魔法の世界の住人であるあなたと、物理の泥の中を這う自分は、ここで交わりを終える。そう言外に告げていた。テオにとって、この件は単なる「物理的矛盾の解消」に過ぎず、公爵令嬢との接点などただの面倒事でしかなかった。
しかし、アイリスは動かなかった。
彼女は屋上の冷たい風に銀髪を揺らしながら、テオの手にある鈍く光る鋼線の束を、まるで世界の真理でも見つけたかのような熱を帯びた瞳で見つめていた。
「……嫌よ」
アイリスの唇からこぼれたのは、貴族令嬢らしからぬ、子供のような強情な拒絶だった。
「優雅な空の旅なんて、もうたくさん。私は昨夜、この糸にぶつかって初めて、自分が生きている実感を得たの。魔法という分厚い手袋越しに世界に触れるのは、もう耐えられない。私は、もっと直接、この世界の手応えに触れたい」
彼女は一歩、テオに近づいた。その足取りは浮遊魔法の滑らかさではなく、靴底が石を叩く、確かな物理的質量を伴っていた。
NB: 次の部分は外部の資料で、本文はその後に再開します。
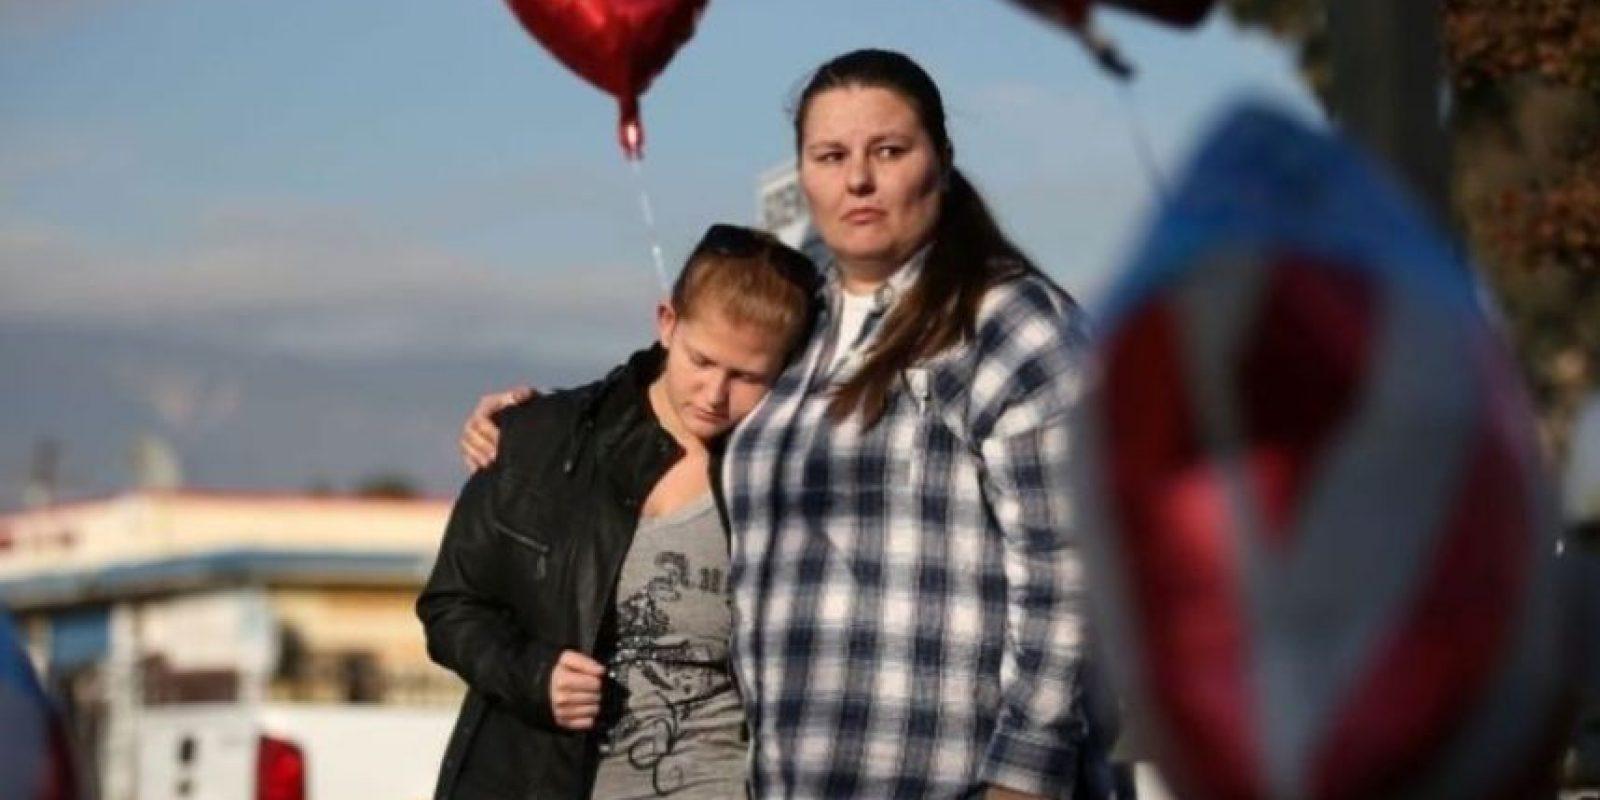 La pareja decidió realizar los ataques durante una fiesta navideña para empleados Foto:AFP
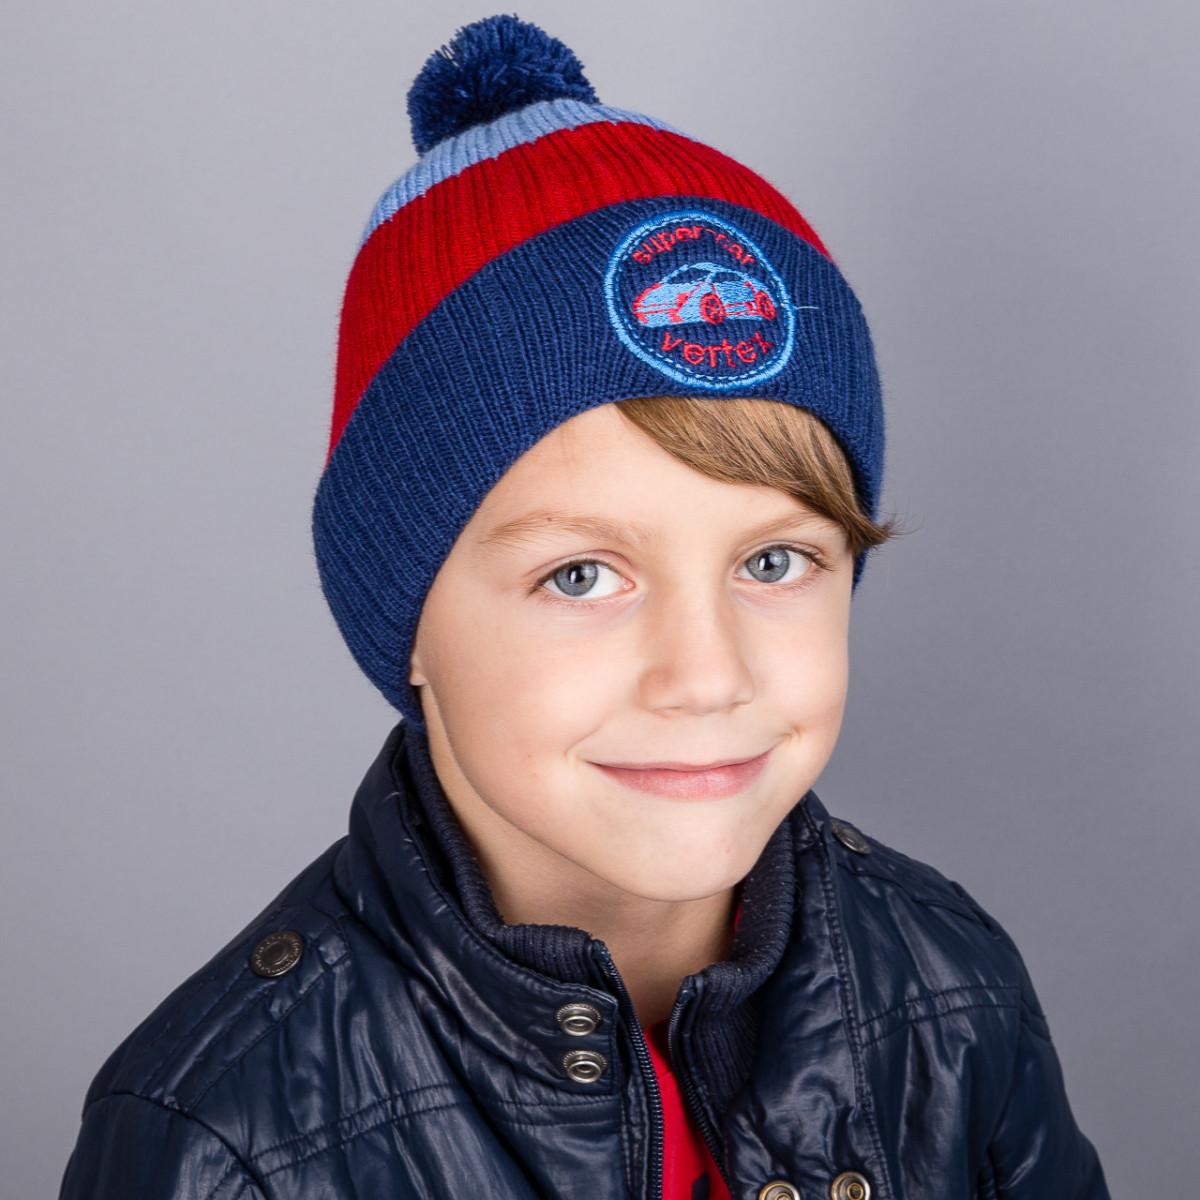 Модная шапка с помпоном для мальчика на зиму оптом - Артикул 1794

「テオ。あなたは私の魔法を無効化する『絶縁体』だと言ったわね。そして、この世界の誰も見ようとしない『物理』という真実を見ることができる」
「……言いましたが。それが何か」
「私を、あなたの助手にして頂戴」
テオは微かに半眼を見開き、それから深々と、心底鬱陶しそうにため息をついた。
「お断りします。私の鑑定所は埃っぽく、油臭く、そして何より地味です。公爵令嬢の遊び場ではありません」
「遊びではないわ。私は本気よ。銀貨一枚と言わず、金貨百枚でも払うわ」
「物理法則は金貨で買えるものではありません」
「なら、私がその『摩擦』とやらを体で覚えるまで、毎日あなたの店に通うわ。私が魔法を使わずにドアを開けられるようになるまでね」
堂々たる宣言。それは、浮遊都市の完璧な空から、重力に縛られた泥だらけの地上へと、自ら望んで墜落していく令嬢の誕生の瞬間だった。
テオは頭を掻きむしり、空を見上げた。環境制御された不自然な青空は、今日も変わらず都市を覆っている。しかし、彼の平穏な省エネ生活は、どうやらこの見えない糸によって、決定的に巻き取られてしまったようだった。
「……勝手にしてください。ただし、店では一切の魔法使用を禁じます。お茶を淹れる時は、自分の手でヤカンを持ってもらいますからね」
「ええ、望むところよ」
アイリスは、これまで見せたどんな優雅な微笑みよりも、鮮烈で生々しい笑顔を浮かべた。
こうして、極大魔力の令嬢と無魔の鑑定士という、都市で最も歪な二つの歯車は、静かに噛み合い始めたのである。